» TASK REQUIREMENTS: Write out the data below exactly, from its first line to the line containing "Deep Selection 04", that line included.

» SOURCE INFORMATION:
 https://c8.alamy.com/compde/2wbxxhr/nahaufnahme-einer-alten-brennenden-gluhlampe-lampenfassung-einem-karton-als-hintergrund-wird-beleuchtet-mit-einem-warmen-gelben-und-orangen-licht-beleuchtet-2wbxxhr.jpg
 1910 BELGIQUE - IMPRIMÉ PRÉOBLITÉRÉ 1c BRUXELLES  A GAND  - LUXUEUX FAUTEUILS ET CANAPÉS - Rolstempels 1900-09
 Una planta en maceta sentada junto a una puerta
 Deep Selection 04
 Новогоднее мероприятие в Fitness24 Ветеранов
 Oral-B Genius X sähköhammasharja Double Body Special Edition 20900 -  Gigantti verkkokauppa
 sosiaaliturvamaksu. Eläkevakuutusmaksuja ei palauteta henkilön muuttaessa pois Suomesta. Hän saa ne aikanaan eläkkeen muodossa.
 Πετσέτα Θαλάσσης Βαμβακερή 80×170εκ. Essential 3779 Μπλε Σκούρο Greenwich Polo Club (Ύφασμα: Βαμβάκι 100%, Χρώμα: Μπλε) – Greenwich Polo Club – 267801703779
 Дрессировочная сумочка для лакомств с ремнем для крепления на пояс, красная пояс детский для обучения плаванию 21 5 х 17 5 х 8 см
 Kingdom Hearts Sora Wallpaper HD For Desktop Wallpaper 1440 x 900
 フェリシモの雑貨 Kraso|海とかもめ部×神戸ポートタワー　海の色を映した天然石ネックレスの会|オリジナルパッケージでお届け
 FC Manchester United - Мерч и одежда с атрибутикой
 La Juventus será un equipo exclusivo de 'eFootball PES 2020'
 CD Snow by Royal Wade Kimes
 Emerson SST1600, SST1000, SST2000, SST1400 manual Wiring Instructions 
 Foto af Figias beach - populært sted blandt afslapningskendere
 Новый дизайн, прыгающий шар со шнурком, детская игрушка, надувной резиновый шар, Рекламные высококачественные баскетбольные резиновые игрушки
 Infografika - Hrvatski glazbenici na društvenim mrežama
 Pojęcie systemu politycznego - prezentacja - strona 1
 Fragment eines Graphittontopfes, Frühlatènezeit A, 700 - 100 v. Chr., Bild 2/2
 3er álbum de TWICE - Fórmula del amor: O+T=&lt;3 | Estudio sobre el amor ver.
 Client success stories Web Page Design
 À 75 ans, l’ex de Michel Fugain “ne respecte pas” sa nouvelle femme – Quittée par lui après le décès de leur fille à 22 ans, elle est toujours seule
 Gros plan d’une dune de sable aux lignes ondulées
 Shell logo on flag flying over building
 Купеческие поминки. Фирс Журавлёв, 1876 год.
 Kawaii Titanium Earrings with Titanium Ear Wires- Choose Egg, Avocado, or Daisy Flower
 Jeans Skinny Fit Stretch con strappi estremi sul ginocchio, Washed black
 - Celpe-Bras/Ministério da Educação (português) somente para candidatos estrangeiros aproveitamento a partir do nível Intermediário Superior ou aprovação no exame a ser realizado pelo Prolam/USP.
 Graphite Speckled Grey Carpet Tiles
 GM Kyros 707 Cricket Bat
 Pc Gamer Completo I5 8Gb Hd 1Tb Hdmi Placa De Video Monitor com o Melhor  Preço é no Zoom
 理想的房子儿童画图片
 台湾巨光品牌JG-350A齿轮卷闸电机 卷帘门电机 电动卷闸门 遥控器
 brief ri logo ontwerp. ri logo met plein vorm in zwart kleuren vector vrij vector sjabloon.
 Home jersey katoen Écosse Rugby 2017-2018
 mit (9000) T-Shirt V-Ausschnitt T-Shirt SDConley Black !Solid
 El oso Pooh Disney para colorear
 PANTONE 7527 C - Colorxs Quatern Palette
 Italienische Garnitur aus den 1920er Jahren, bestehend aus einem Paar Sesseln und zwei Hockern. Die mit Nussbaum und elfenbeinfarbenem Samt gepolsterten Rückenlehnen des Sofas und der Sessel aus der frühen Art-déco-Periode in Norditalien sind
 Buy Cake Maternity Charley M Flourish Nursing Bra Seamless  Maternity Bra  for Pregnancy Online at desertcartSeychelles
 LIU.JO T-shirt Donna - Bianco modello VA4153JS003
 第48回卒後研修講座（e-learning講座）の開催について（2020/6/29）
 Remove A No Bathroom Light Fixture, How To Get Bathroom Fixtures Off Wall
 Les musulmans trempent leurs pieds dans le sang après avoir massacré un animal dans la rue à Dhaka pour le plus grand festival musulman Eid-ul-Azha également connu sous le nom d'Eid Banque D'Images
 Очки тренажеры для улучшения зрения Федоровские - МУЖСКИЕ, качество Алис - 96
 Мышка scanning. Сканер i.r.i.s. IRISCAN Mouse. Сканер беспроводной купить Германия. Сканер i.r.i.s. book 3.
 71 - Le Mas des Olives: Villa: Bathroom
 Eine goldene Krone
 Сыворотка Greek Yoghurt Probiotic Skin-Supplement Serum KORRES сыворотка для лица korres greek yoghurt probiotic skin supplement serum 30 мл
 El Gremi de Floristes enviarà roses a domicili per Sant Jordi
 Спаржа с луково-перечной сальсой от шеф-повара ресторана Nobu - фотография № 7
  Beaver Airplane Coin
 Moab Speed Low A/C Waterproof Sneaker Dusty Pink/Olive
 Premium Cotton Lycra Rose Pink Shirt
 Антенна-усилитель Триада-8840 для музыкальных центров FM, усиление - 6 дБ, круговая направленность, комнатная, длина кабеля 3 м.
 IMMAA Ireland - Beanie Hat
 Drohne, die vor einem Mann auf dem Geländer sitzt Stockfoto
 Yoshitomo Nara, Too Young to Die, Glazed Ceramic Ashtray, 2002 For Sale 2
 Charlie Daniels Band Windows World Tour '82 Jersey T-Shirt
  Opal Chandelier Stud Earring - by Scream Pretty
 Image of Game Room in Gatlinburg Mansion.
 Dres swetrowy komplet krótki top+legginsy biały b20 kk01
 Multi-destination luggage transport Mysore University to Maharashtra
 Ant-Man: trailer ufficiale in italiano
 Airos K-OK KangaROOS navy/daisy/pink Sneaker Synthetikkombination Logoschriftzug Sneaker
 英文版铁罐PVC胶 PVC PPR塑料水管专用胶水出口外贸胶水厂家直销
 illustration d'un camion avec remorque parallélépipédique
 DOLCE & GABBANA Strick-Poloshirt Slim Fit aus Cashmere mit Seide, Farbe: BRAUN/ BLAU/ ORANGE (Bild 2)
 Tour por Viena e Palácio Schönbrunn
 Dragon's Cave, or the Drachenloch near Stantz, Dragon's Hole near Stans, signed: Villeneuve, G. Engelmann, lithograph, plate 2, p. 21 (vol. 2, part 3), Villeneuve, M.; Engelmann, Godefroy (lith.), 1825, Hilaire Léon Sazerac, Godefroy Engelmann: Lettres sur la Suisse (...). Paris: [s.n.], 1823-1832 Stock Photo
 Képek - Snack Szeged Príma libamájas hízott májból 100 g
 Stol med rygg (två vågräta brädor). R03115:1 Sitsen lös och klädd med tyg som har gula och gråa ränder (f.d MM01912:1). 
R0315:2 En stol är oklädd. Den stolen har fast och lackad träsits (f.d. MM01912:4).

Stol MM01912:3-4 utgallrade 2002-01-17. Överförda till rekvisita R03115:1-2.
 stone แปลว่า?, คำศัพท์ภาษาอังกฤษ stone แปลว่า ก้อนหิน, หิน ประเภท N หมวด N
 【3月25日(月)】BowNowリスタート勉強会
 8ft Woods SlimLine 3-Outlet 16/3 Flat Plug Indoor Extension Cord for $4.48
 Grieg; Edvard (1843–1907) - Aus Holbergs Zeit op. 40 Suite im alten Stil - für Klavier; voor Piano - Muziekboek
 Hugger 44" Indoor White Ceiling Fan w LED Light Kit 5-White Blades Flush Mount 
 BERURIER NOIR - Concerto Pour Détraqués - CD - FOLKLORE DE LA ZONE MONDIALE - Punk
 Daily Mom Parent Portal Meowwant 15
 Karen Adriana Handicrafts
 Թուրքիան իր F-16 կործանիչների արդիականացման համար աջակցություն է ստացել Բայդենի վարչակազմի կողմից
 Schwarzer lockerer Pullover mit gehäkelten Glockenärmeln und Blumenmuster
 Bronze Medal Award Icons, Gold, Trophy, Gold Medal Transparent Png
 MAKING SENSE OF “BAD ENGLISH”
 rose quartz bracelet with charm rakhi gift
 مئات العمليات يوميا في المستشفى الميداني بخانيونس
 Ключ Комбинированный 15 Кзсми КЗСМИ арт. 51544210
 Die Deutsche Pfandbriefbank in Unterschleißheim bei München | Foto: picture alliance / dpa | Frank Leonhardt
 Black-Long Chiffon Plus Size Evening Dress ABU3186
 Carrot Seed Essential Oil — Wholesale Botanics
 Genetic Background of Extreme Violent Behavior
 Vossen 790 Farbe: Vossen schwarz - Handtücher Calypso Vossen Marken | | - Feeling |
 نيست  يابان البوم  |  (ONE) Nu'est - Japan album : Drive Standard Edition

» TASK OUTPUT:
 https://c8.alamy.com/compde/2wbxxhr/nahaufnahme-einer-alten-brennenden-gluhlampe-lampenfassung-einem-karton-als-hintergrund-wird-beleuchtet-mit-einem-warmen-gelben-und-orangen-licht-beleuchtet-2wbxxhr.jpg
 1910 BELGIQUE - IMPRIMÉ PRÉOBLITÉRÉ 1c BRUXELLES  A GAND  - LUXUEUX FAUTEUILS ET CANAPÉS - Rolstempels 1900-09
 Una planta en maceta sentada junto a una puerta
 Deep Selection 04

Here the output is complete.